Buon Compleanno Guglielmo, evento del 12 scorso, ricorda il 150° dalla nascita di Guglielmo Marconi; che diventa un pretesto per parlare di scienziati e, perché no, di fantasia.

Federico Taddia* oggi è un giornalista scientifico, la cui carriera nasce da un tentativo audace: in tempi lontani trova il numero di telefono di Topolino, (dove? Su Topolino) finge di essere un giornalista, Topolino gli risponde. Nasce così in lui la passione per il giornalismo e le invenzioni, specie quelle pazze, quelle che non servono a nulla. Il giornalismo scientifico, spiega, serve a tradurre cose difficili in un linguaggio che le rende accessibili.

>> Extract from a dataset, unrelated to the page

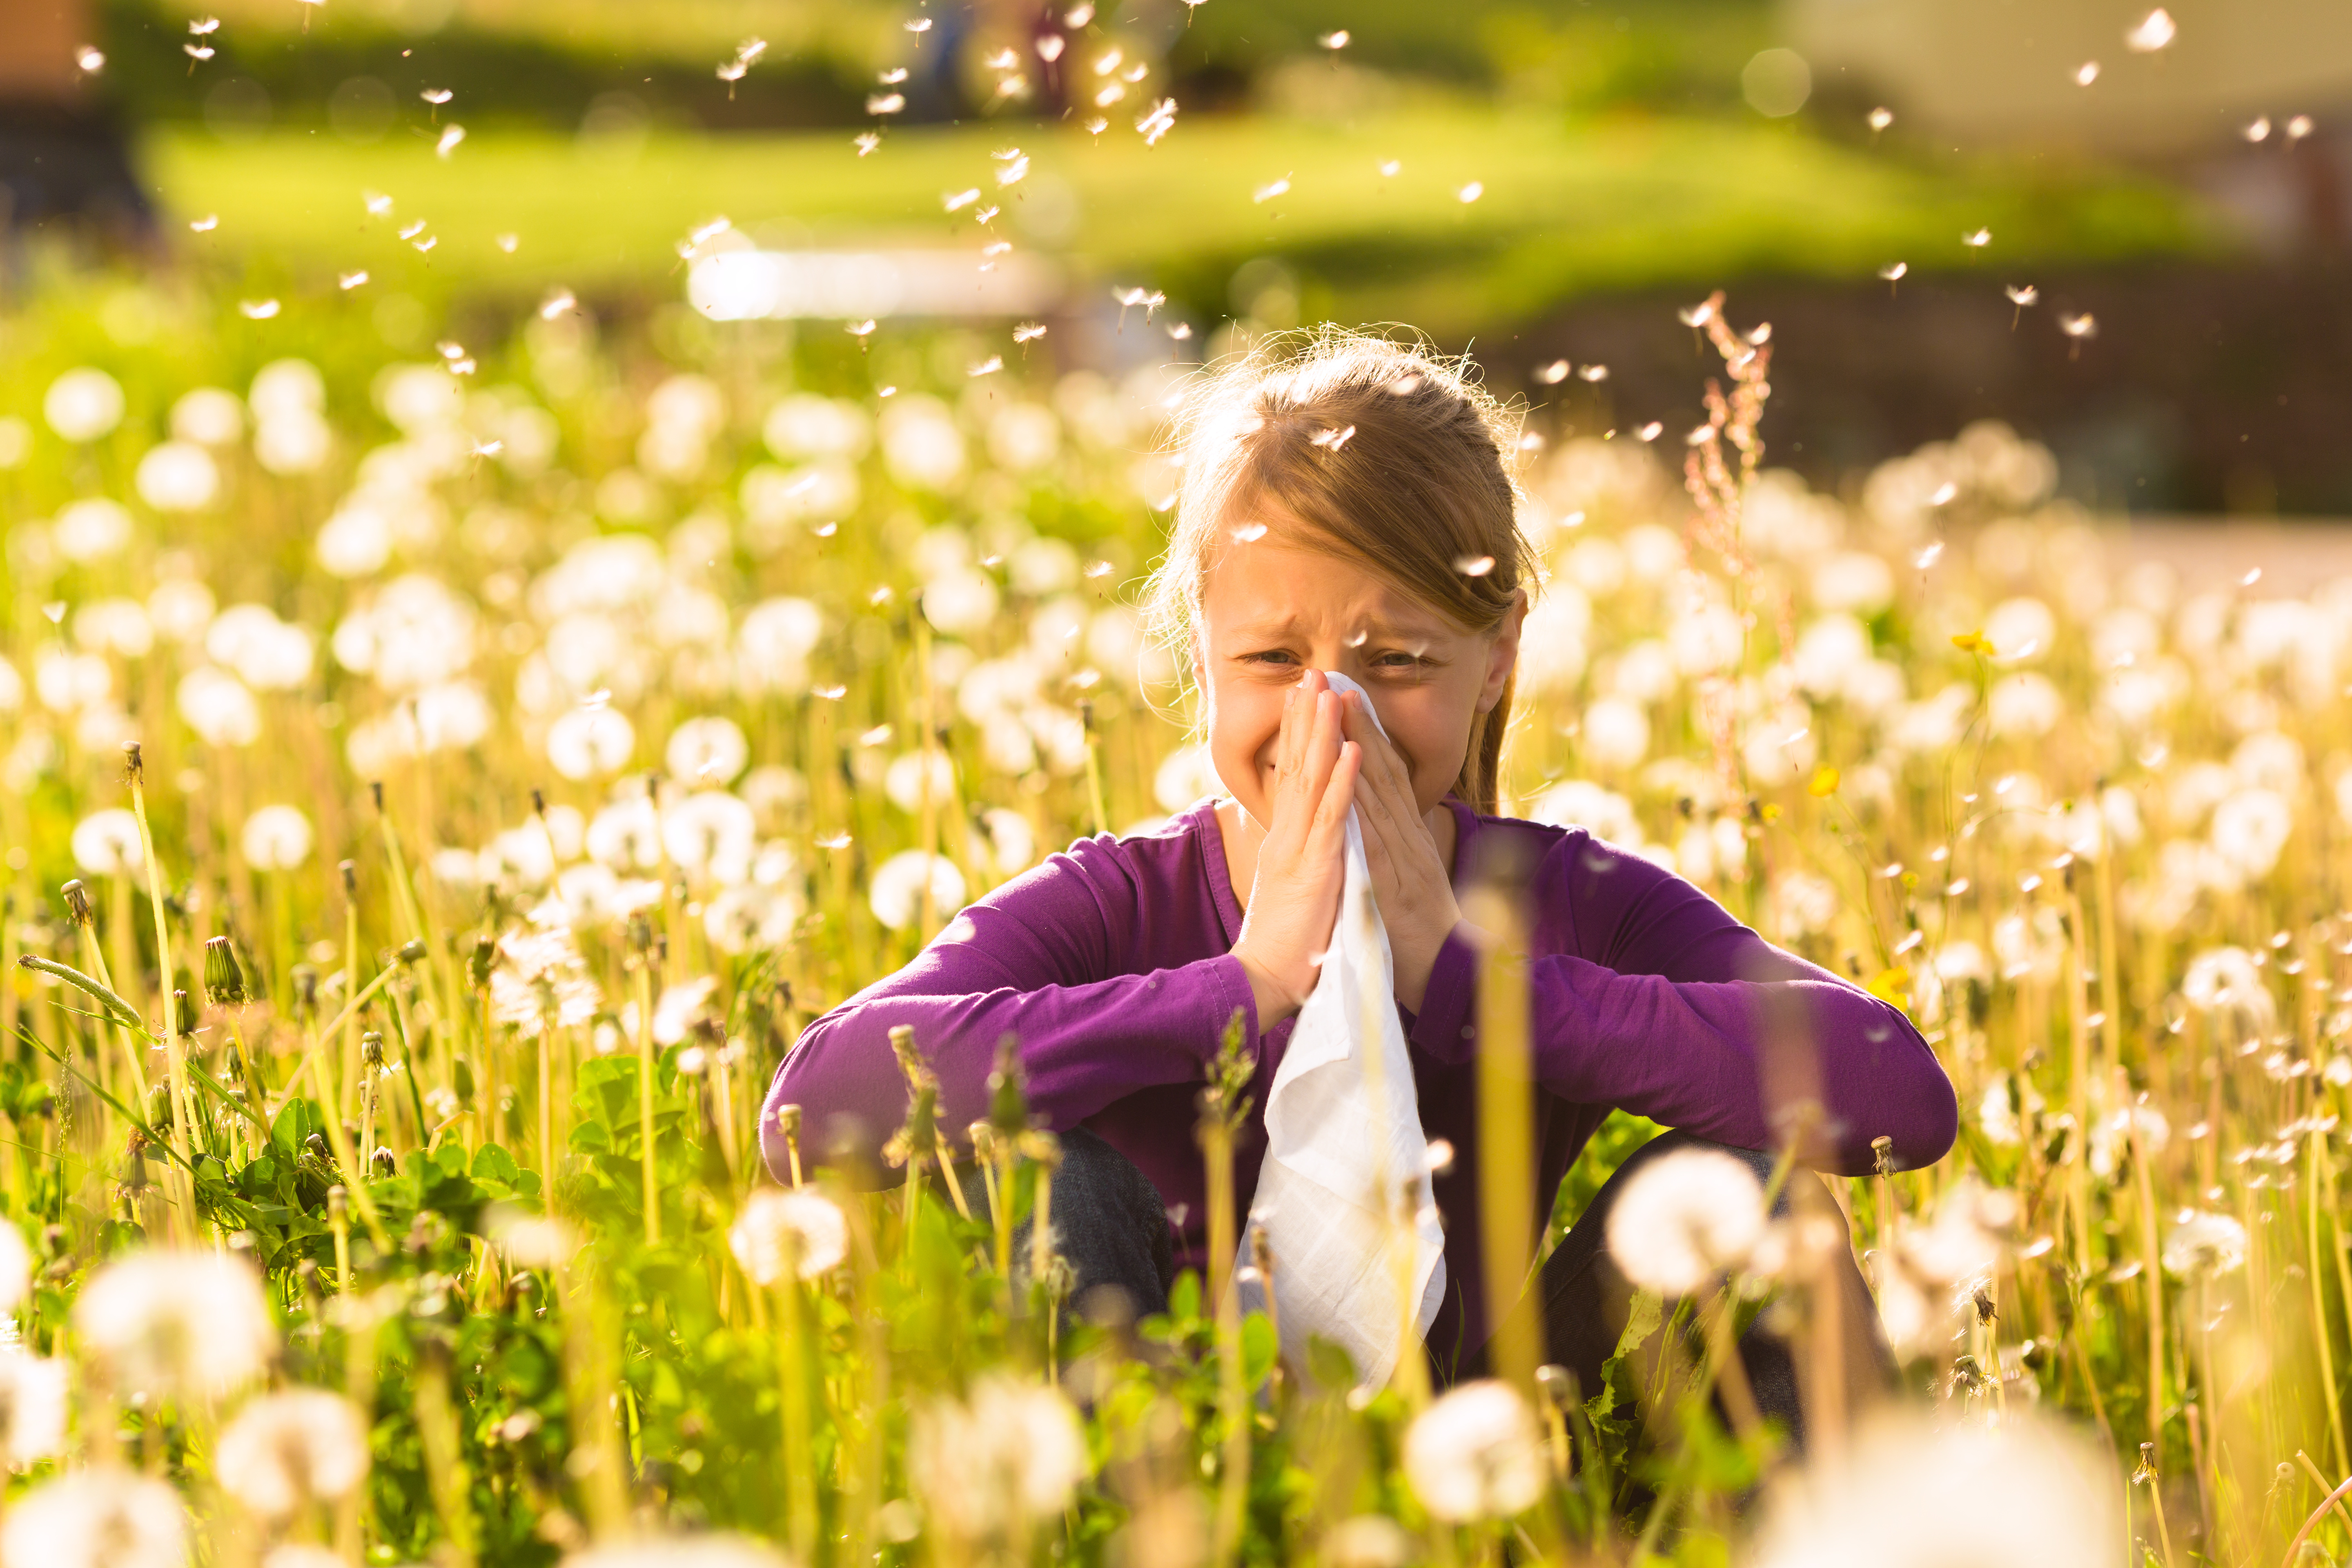 HOW TO PREVENT OR CLEAR ALLERGIES?

Chi è Guglielmo Marconi? Uno che ha visto dove gli altri non vedevano, che è riuscire a far viaggiare le parole anziché le cose. Cosa ci insegna Guglielmo Marconi? Il coraggio di sfidare il luogo comune, a non aver paura dell’errore. Cercare e non trovare nulla, ma facendo in modo che altri non ripercorrano quella stessa strada. A non accontentarsi. Ogni risposta non è la fine del percorso, ma l’inizio di un’altra domanda.

A non aver paura di essere deriso.

Qualcuno in sala ama le invenzioni inutili? Ha in mente un’invenzione che vorreste?” provoca Taddia “La sveglia” dice un bambino. Forse vorrebbe la sveglia che non ti fa alzare, commentano i più grandi.

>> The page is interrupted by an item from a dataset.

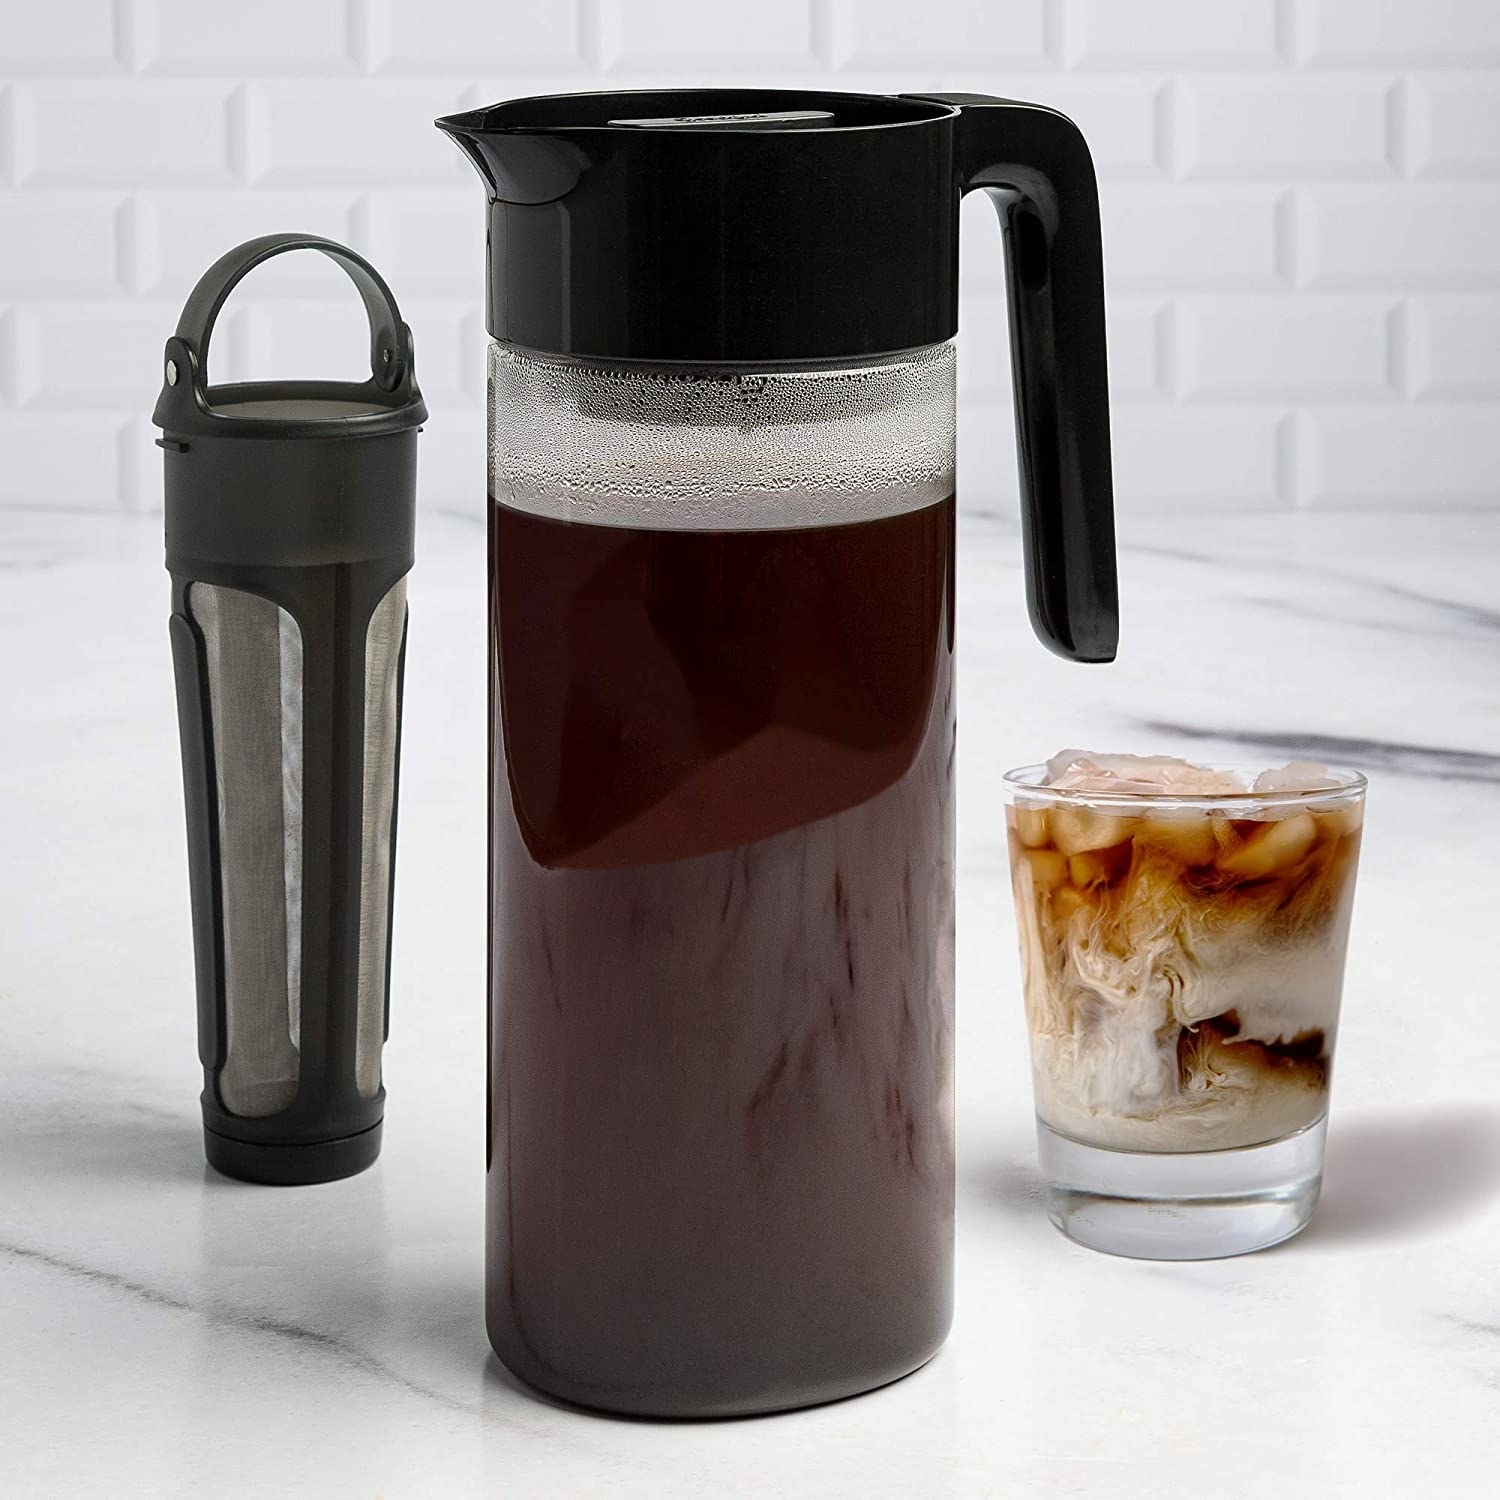 the cold brew coffee maker next to the infuser and a glass of iced coffee

In sala ci sono una lavagna elettronica che permette di disegnare utilizzando una apposita matita, con l’aiuto della disegnatrice. I bambini si cimentano a ripassare un fumetto che la disegnatrice professionista sta riproducendo.

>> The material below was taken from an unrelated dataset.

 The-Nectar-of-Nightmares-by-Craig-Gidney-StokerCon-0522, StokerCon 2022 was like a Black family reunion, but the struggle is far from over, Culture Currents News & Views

HEPscape è un gioco per scoprire i segreti delle particelle elementari. I ragazzi vengono dotati di caschetto perché, si sa, scendiamo nelle viscere della terra, nel laboratorio dell’ LHC, il Large Hadron Collider del CERN di Ginevra. L’ascensore ci porta sotto terra: dobbiamo scoprire a quanti metri, e lo faremo attraverso la soluzione di un enigma, costituito da un’equazione in cui i valori degli addendi sono degli oggetti: calamita (magnete), lampadina (energia), atomo. I protoni, fatti collidere ad una velocità vicina alla velocità della luce nell’acceleratore. permettono all’energia cinetica delle particelle che collidono di essere trasformate in materia, come dice la legge di Einstein.

Le particelle di materia create nella collisione saranno individuate e misurate.

 

 

 

 

 

 

Gianpaolo Nardi

gianpaolon@vicini.to.it

*Federico Taddia è giornalista, autore e conduttore radiofonico e televisivo. Conduce Nautilus su RaiScuola e L’altra Europa su Radio24. Scrive regolarmente per «La Stampa», collabora ai testi di Fiorello e fa parte della squadra autoriale di Giovanni Floris.